Memory may include computer-readable medium in volatile memory, random access memory (RAM) and/or
The forms such as Nonvolatile memory, such as read-only memory (ROM) or flash memory (flash RAM).Memory is computer-readable medium
Example.
Computer-readable medium includes permanent and non-permanent, removable and non-removable media can be by any method
Or technology realizes information storage.Information can be computer-readable instruction, data structure, the module of program or other data.
The example of the storage medium of computer includes, but are not limited to phase transition internal memory (PRAM), static RAM (SRAM), moves
State random access memory (DRAM), other kinds of random access memory (RAM), read-only memory (ROM), electric erasable
Programmable read only memory (EEPROM), fast flash memory bank or other memory techniques, read-only disc read only memory (CD-ROM) (CD-ROM),
Digital versatile disc (DVD) or other optical storages, magnetic tape cassette, tape magnetic disk storage or other magnetic storage apparatus
Or any other non-transmission medium, it can be used for storage and can be accessed by a computing device information.As defined in this article, it calculates
Machine readable medium does not include temporary computer readable media (transitory media), such as data-signal and carrier wave of modulation.

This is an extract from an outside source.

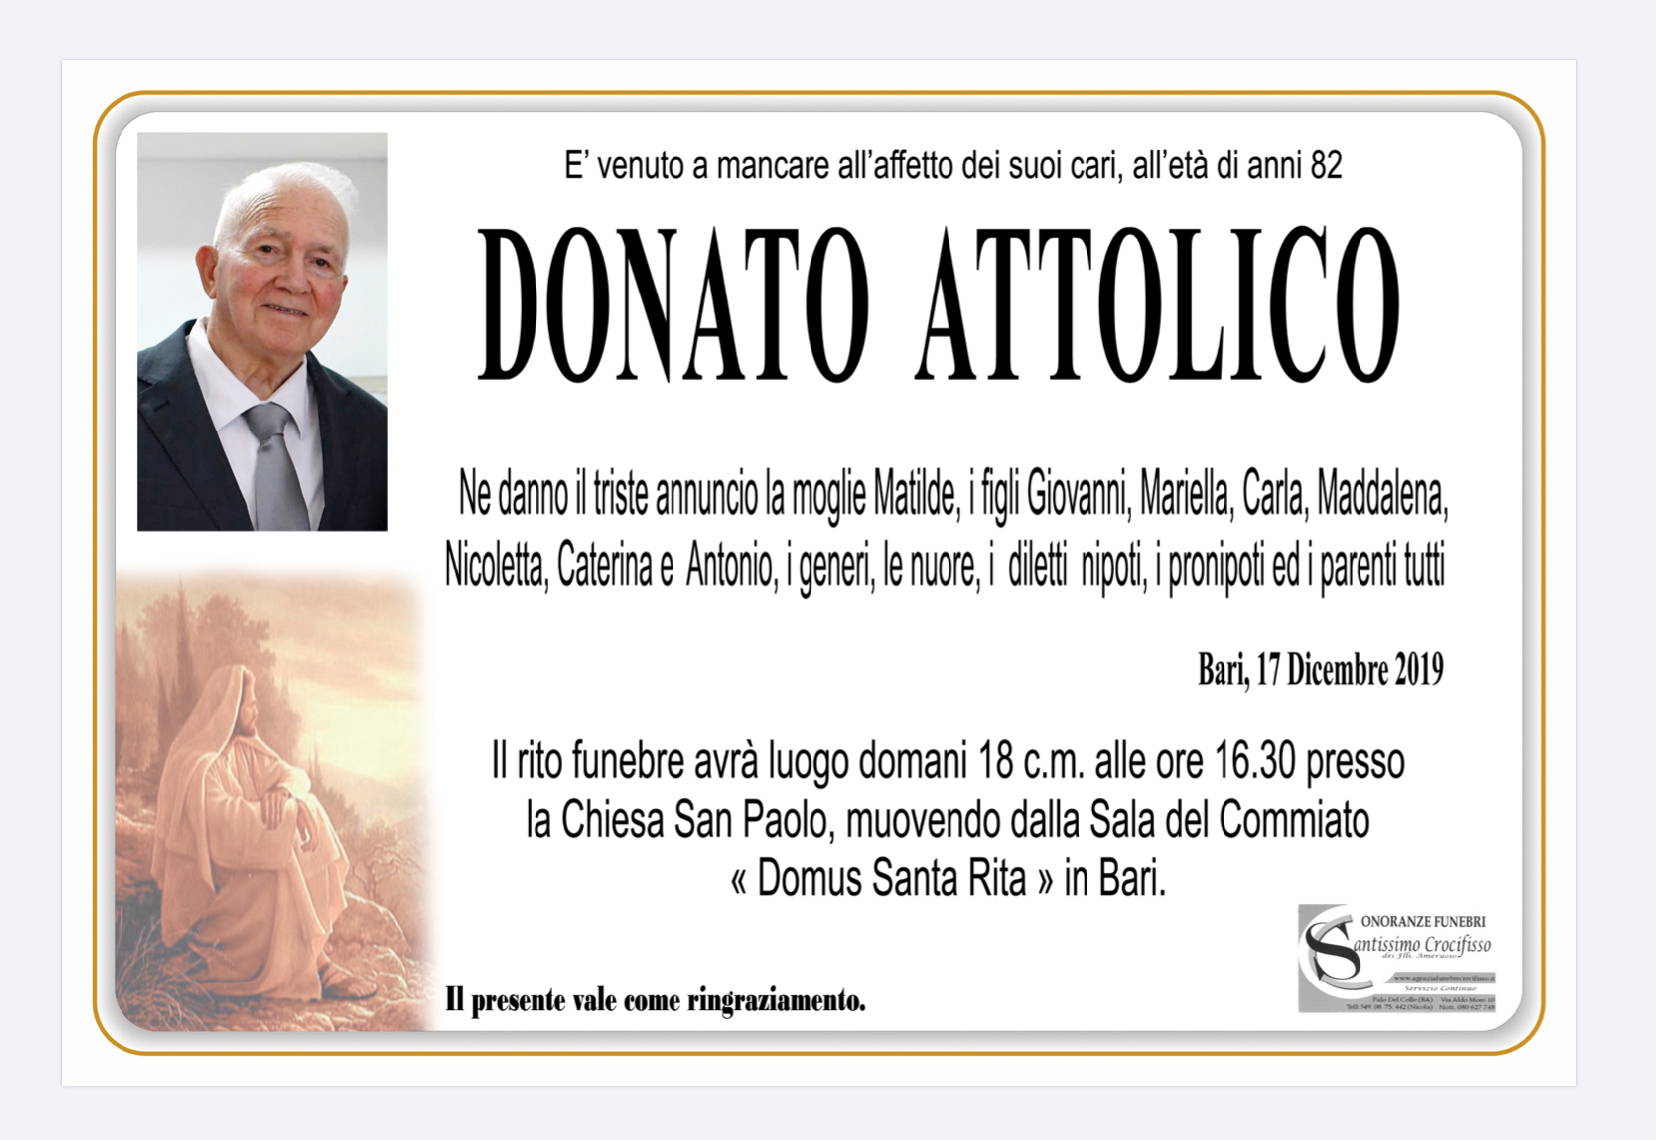 Donato Attolico

It should also be noted that, the terms "include", "comprise" or its any other variant are intended to nonexcludability
Including so that process, method, commodity or equipment including a series of elements include not only those elements, but also wrap
Include other elements that are not explicitly listed, or further include for this process, method, commodity or equipment intrinsic want
Element.In the absence of more restrictions, the element limited by sentence "including a ...", it is not excluded that wanted including described
There is also other identical elements in the process of element, method, commodity or equipment.
This specification can describe in the general context of computer-executable instructions executed by a computer, such as journey
Sequence module.Usually, program module include routines performing specific tasks or implementing specific abstract data types, program, object,
Component, data structure etc..One or more embodiments that this specification can also be put into practice in a distributed computing environment, at this
In a little distributed computing environment, by executing task by the connected remote processing devices of communication network.It is counted in distribution
It calculates in environment, program module can be located in the local and remote computer storage media including storage device.

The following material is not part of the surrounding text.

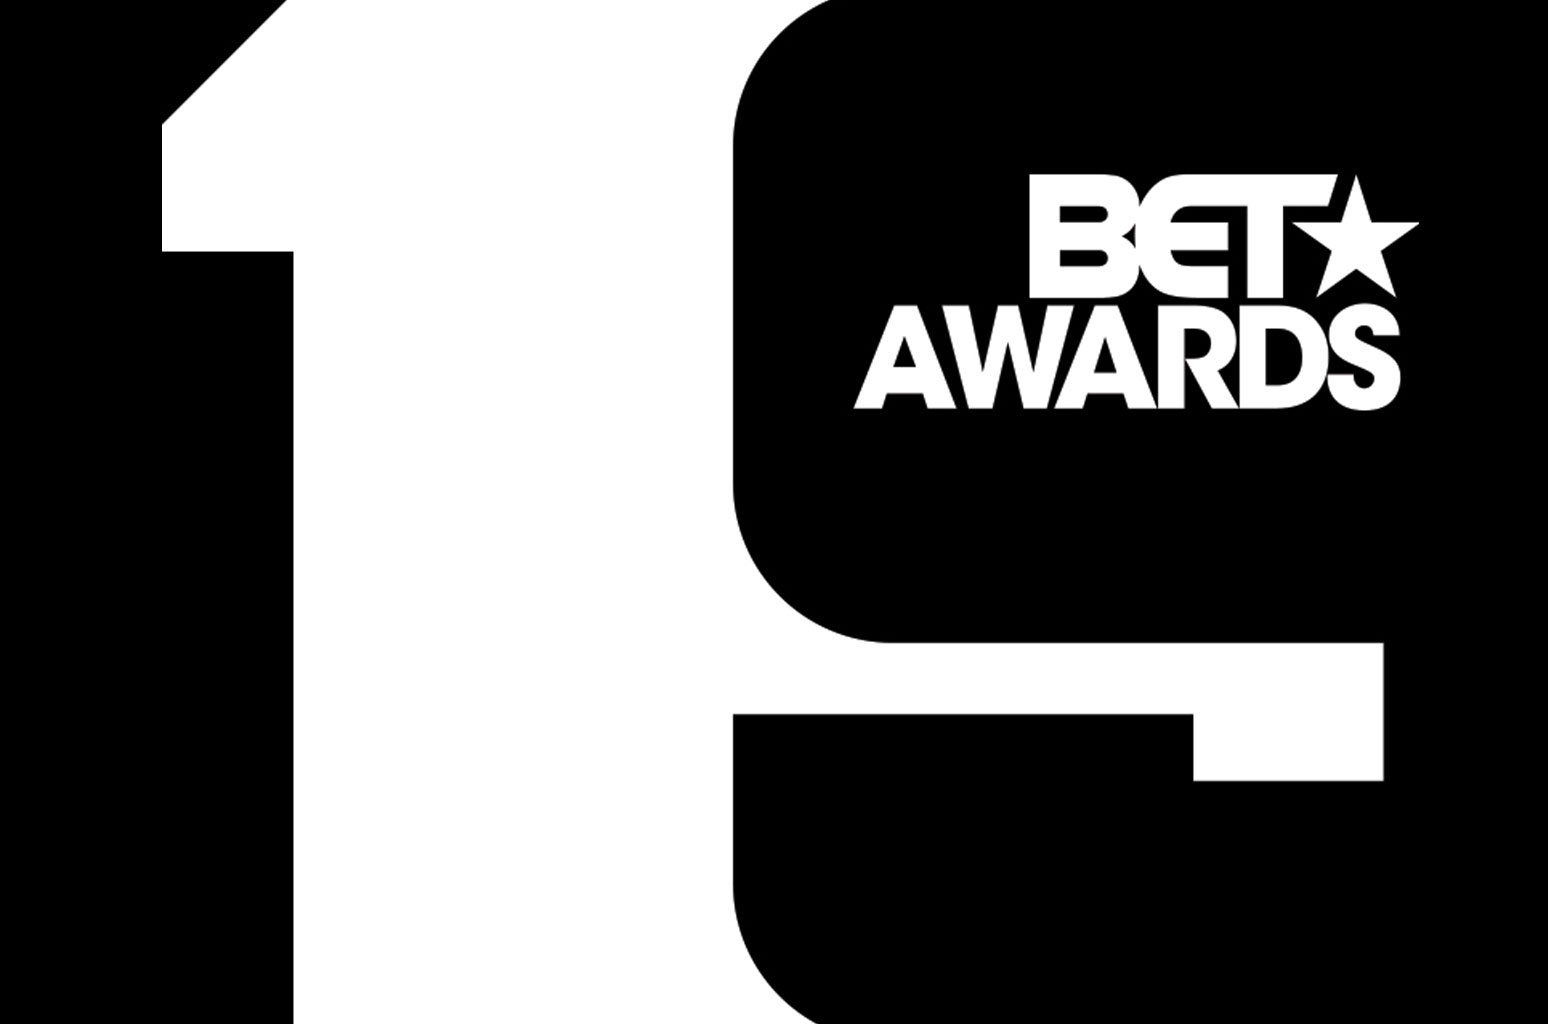 bet awards 19 logo

Each embodiment in this specification is described in a progressive manner, identical similar portion between each embodiment
Point just to refer each other, and each embodiment focuses on the differences from other embodiments.Especially for system reality
For applying example, since it is substantially similar to the method embodiment, so description is fairly simple, related place is referring to embodiment of the method
Part explanation.
It is above-mentioned that this specification specific embodiment is described.Other embodiments are in the scope of the appended claims
It is interior.In some cases, the action recorded in detail in the claims or step can be come according to different from the sequence in embodiment
It executes and desired result still may be implemented.In addition, the process described in the accompanying drawings not necessarily require show it is specific suitable
Sequence or consecutive order could realize desired result.In some embodiments, multitasking and parallel processing be also can
With or it may be advantageous.
The foregoing is merely one or more embodiments of this specification, are not limited to this specification.For
For those skilled in the art, one or more embodiments of this specification can have various modifications and variations.It is all in this explanation
Any modification, equivalent replacement, improvement and so within the spirit and principle of one or more embodiments of book, should be included in
Within the right of this specification.